• [ABOUT THIS TASK]: Among the lines below, a stretch begins at the one with "Scuola: consegnati banchi, sedie" and ends at the one with "Medaille Beheer helemaal". Repeat that stretch exactly, ends included.

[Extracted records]

-.-.-

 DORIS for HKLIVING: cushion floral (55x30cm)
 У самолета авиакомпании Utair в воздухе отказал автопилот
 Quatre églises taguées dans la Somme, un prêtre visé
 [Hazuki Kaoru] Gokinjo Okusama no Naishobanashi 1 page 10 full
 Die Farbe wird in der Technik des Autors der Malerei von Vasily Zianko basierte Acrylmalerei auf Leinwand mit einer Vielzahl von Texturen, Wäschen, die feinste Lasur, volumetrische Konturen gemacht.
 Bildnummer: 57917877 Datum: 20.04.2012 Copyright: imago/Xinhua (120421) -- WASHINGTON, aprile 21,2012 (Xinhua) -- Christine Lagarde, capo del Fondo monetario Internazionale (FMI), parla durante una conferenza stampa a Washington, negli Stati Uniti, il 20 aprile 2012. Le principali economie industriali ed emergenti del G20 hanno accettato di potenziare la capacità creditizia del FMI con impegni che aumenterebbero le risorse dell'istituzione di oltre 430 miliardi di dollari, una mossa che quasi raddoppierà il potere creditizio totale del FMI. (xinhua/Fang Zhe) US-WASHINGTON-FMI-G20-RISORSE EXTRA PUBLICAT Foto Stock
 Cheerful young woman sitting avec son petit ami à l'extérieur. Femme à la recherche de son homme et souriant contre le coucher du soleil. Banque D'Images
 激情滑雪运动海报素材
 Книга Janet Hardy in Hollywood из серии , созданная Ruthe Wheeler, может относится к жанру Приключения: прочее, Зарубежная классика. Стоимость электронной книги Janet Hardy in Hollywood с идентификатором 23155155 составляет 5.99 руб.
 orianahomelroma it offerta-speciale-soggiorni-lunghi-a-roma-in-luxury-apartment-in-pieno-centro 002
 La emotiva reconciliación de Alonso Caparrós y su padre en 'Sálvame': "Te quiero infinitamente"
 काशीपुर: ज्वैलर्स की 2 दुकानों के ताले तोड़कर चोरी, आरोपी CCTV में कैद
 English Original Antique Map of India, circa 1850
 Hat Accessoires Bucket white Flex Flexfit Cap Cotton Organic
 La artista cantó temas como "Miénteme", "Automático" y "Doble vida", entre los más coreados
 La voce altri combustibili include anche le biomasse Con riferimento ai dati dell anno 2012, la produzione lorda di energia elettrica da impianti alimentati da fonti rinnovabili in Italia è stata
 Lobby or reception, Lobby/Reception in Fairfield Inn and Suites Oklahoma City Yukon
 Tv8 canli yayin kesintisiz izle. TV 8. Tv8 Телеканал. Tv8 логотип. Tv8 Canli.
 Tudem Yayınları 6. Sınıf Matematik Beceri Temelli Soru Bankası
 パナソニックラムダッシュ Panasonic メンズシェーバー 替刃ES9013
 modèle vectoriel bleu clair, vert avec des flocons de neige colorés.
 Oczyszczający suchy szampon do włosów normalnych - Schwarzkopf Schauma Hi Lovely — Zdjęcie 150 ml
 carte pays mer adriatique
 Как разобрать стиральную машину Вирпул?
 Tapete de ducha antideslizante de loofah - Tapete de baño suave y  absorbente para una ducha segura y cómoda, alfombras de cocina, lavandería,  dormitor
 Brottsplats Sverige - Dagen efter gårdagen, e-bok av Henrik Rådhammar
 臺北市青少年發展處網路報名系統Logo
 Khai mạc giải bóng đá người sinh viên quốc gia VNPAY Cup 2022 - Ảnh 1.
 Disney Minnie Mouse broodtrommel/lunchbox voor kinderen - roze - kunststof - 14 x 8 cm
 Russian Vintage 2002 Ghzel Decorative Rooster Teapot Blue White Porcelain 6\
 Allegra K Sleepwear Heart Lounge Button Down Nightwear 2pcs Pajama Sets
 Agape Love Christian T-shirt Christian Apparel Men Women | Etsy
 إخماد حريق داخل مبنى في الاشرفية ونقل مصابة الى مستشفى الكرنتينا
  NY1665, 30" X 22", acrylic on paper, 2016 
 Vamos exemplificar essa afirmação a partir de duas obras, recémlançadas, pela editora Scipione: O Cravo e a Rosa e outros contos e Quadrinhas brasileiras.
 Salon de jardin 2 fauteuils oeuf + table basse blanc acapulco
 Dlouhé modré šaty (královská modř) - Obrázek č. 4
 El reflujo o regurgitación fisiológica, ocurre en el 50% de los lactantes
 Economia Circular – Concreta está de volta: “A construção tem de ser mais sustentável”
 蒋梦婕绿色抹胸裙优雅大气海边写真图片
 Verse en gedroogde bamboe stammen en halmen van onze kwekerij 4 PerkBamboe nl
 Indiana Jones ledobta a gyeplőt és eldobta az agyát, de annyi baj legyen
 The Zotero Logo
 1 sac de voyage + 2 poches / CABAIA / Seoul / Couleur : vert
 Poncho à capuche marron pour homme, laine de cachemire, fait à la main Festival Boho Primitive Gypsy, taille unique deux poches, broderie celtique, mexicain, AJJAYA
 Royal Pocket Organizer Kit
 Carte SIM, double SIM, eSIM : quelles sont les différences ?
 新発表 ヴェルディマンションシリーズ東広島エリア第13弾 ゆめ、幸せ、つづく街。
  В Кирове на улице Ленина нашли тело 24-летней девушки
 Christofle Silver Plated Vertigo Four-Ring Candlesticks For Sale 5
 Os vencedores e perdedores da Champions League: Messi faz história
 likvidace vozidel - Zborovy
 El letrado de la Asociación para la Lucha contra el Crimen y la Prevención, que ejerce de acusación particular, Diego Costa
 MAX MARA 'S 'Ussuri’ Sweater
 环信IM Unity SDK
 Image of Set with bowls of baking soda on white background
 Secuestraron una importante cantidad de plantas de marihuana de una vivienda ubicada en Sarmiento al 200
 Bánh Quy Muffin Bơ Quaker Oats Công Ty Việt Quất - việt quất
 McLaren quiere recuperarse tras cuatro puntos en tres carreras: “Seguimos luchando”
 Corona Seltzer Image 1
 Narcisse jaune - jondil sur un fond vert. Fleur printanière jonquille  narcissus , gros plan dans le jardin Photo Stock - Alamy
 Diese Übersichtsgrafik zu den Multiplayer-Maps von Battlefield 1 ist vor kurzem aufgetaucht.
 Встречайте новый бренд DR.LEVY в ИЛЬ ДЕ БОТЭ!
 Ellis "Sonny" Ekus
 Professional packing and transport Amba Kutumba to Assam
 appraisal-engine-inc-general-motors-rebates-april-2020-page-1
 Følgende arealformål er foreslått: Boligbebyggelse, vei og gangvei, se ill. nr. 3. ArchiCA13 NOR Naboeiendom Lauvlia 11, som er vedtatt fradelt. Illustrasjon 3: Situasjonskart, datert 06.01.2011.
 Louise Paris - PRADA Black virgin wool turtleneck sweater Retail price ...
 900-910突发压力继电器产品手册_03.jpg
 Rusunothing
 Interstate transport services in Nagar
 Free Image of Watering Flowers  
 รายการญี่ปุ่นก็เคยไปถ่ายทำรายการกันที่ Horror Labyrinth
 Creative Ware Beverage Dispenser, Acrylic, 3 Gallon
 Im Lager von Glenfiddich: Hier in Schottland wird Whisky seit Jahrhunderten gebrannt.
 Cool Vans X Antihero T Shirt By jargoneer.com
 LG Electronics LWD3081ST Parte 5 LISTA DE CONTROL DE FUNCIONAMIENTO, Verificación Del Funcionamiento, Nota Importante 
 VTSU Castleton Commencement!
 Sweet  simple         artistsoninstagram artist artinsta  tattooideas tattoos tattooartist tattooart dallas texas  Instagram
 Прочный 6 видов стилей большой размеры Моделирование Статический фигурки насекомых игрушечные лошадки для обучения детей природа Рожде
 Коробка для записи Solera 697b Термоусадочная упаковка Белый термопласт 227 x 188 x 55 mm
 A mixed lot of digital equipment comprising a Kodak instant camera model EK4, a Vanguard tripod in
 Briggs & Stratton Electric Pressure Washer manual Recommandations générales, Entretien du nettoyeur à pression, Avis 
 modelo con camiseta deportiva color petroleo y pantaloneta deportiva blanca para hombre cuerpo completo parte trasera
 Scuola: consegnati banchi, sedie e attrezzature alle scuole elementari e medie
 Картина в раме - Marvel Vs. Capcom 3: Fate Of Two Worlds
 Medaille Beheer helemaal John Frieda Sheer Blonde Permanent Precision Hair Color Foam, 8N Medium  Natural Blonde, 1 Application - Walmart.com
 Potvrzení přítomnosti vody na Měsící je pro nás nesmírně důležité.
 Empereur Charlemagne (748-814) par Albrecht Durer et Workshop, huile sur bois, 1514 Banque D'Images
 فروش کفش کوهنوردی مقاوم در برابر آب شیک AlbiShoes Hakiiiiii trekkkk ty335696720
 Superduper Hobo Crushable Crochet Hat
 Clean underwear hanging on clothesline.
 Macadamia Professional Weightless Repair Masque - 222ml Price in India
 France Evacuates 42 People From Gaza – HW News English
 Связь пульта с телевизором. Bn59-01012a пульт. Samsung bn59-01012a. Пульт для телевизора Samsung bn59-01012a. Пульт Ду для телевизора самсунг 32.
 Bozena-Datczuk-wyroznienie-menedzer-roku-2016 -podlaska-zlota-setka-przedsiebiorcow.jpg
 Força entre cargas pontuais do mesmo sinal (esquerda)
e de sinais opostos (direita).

-.-.-

• [YOUR SOLUTION]:
 Scuola: consegnati banchi, sedie e attrezzature alle scuole elementari e medie
 Картина в раме - Marvel Vs. Capcom 3: Fate Of Two Worlds
 Medaille Beheer helemaal John Frieda Sheer Blonde Permanent Precision Hair Color Foam, 8N Medium  Natural Blonde, 1 Application - Walmart.com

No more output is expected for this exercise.